Investigating the Polymer Structure Effects on SBS-Modified Asphalt Binders under Short-Term Aging through the Artificial Neural Networks, Genetic Algorithms, and Fuzzy Logic

SBS-modified asphalt (SBSMA) exhibits complicated aging behavior in the weathering environment due to oxidation of the matrix asphalt, degradation of the SBS, and disruption of the SBS-asphalt relationship. The weathering process of SBS-modified asphalt has been studied extensively. However, most of this research has taken a broad, environmental approach. This research delved into the nuanced effects of aging on low polymer-modified asphalt (LPMA) compositions integrated with a rejuvenating agent (RA), leveraging advanced computational intelligence methodologies. The study uniquely employed fuzzy logic, Artificial Neural Networks (ANN), and genetic algorithms to forecast and analyze the performance dynamics of distinct asphalt mixtures. Five asphalt mixtures were examined: a PG 58-28 binder served as the foundational benchmark, while the subsequent four used modified PG 58-28 with different ratios of Ethylene Vinyl Acetate (EVA) and sesame oil (RA). Assessment methodologies comprised the Resilient Modulus Test, Wheel Track Test, Flow Time, Direct Tension, and Quarter-Circle Bend tests. The ANN framework was instrumental in predicting rutting and crack trajectories, while fuzzy logic facilitated understanding the intricate interplays between component ratios and resultant performance metrics. Genetic algorithms optimized the EVA and RA ratios for enhanced efficacy. Initial results demonstrated that the amalgamation of EVA and RA strengthened the overall lifespan and rutting resilience of the asphalt composites.
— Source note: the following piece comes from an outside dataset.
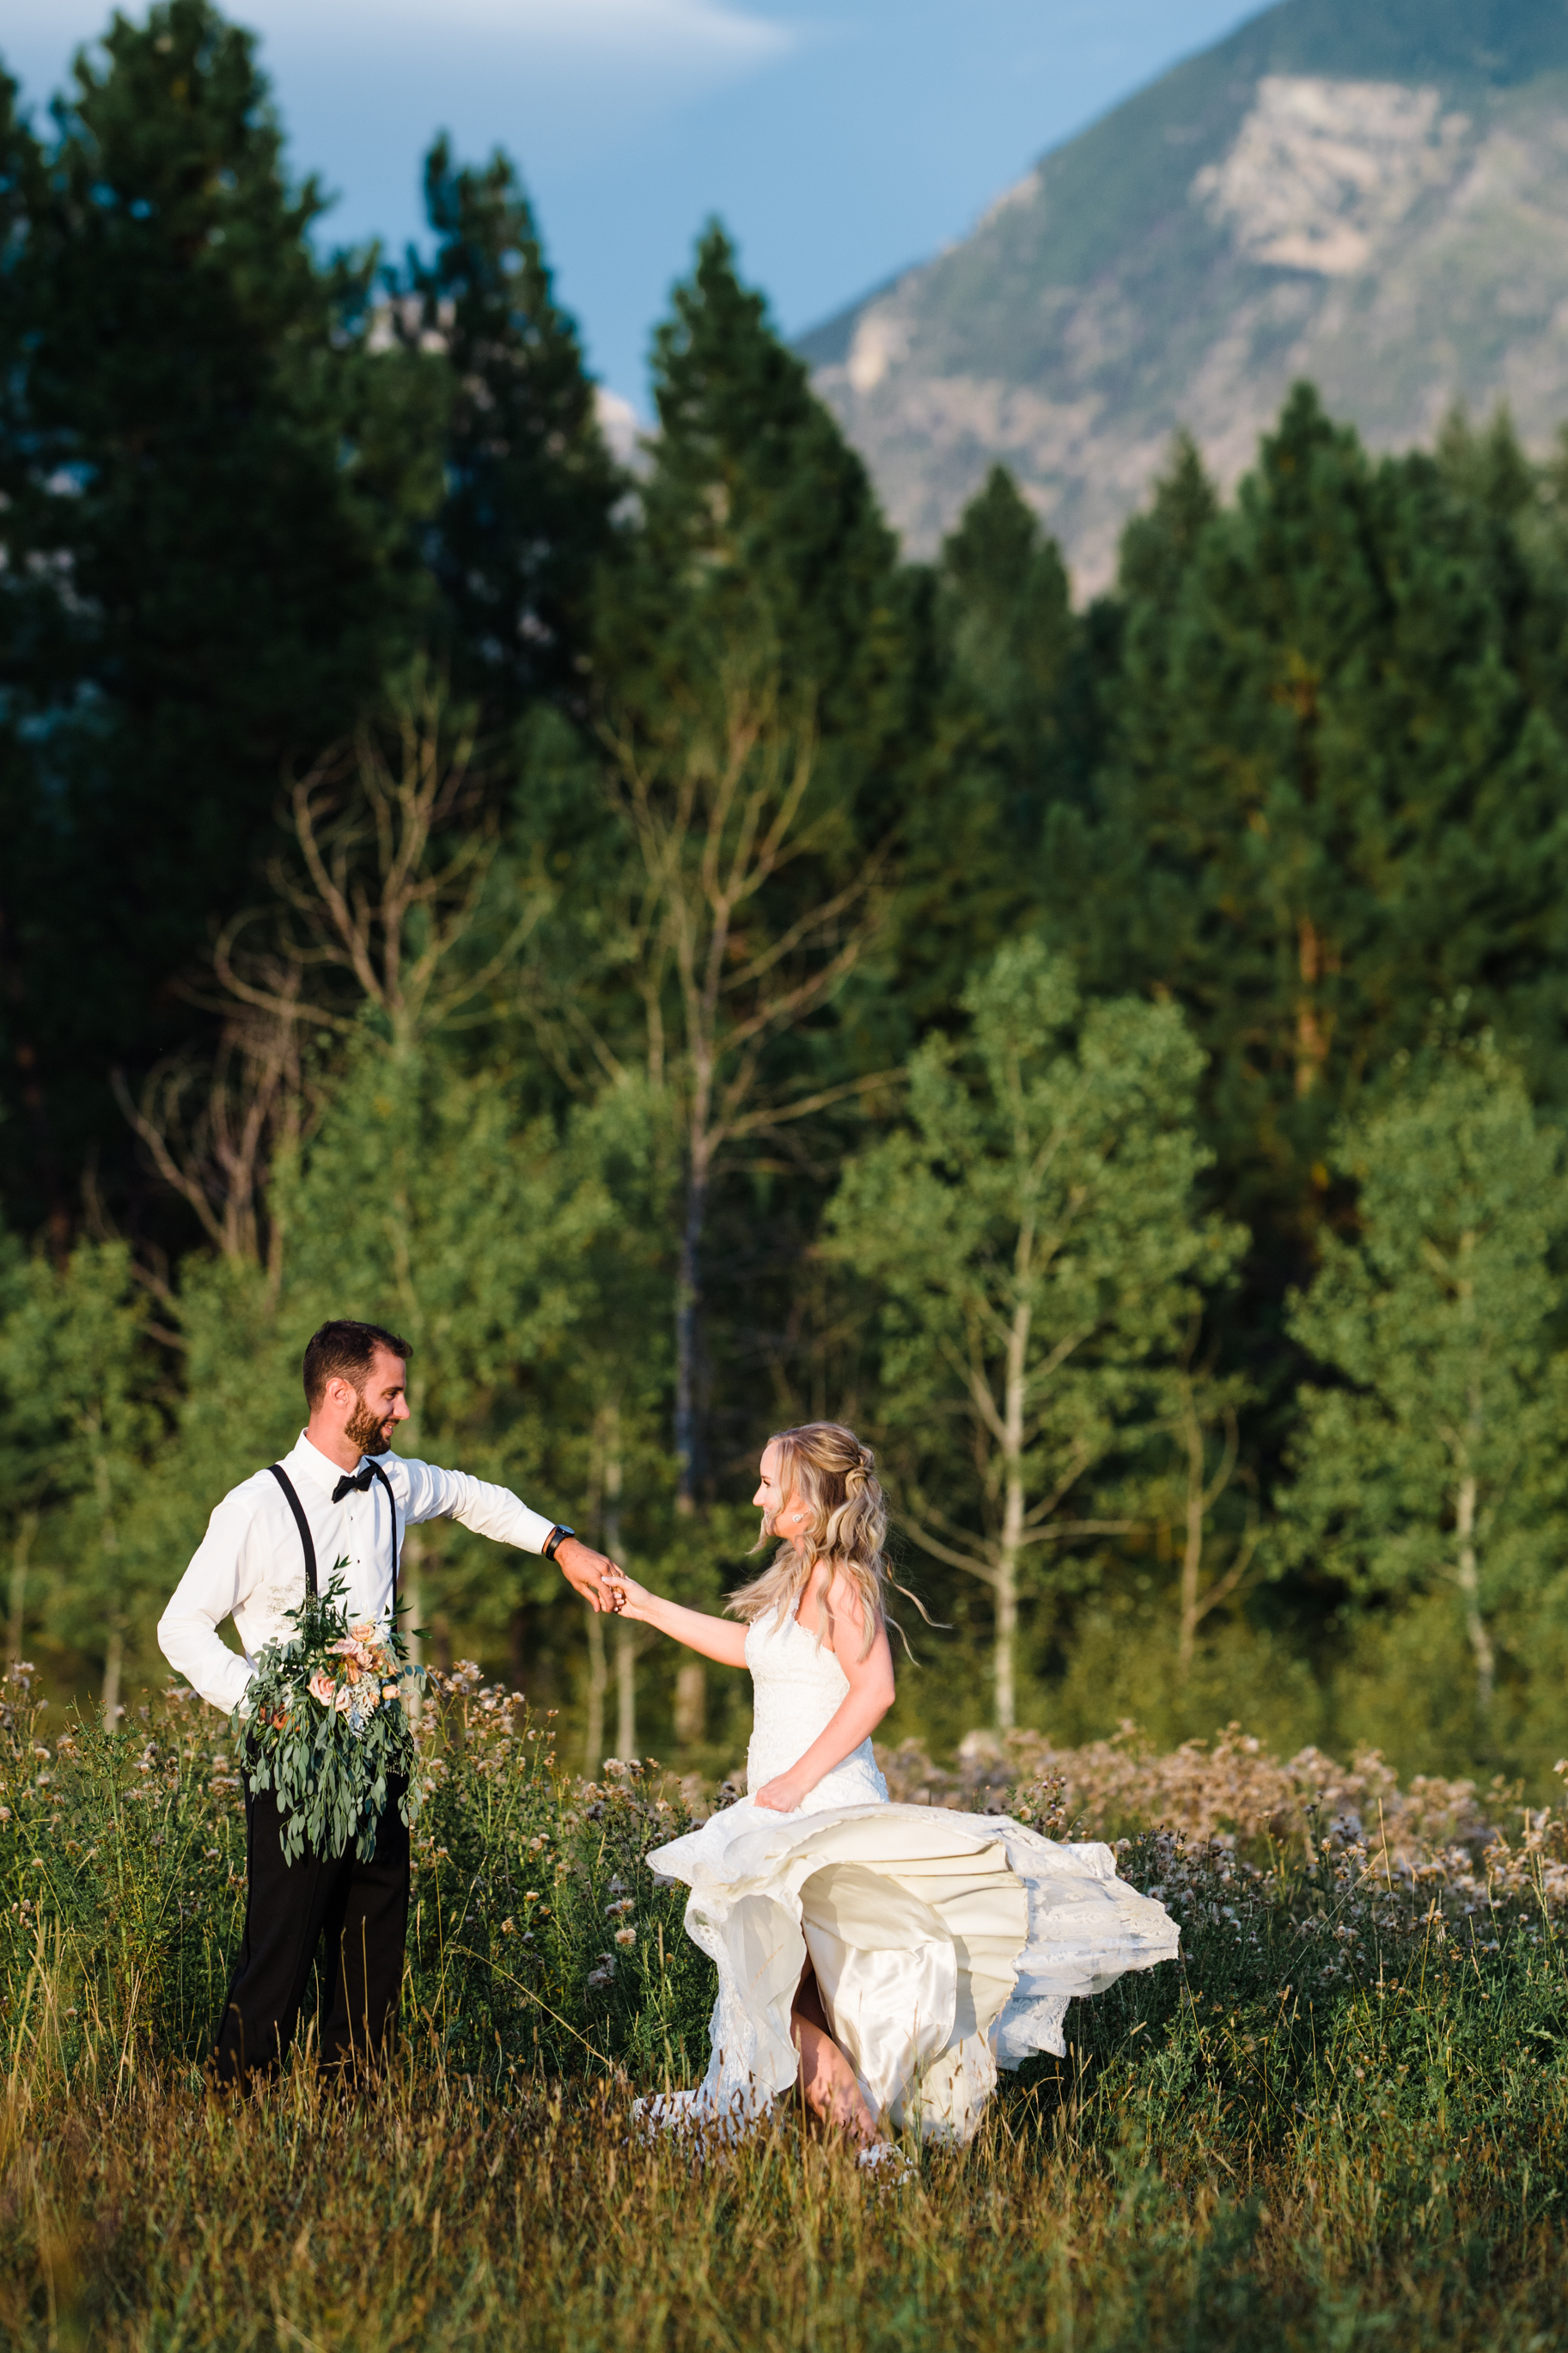 051Sky Ridge Ranch Wedding_Montana Wedding Photographer_Jessica & Brian_Honeybee Weddings_August 24, 2019-32.jpg

Enhanced blends, optimized using the genetic algorithm, exhibited improved resistance to initial crack formations relative to the baseline. As the aging process advanced, the modified blend's resilience to recurrent stress-induced cracks experienced minor reductions but paralleled the foundational benchmark. A harmonized combination, pinpointed via the genetic algorithm containing 6.5% EVA and 6% RA, emerged as the most proficient in amplifying durability, resistance against deformations, and immediate crack resistance.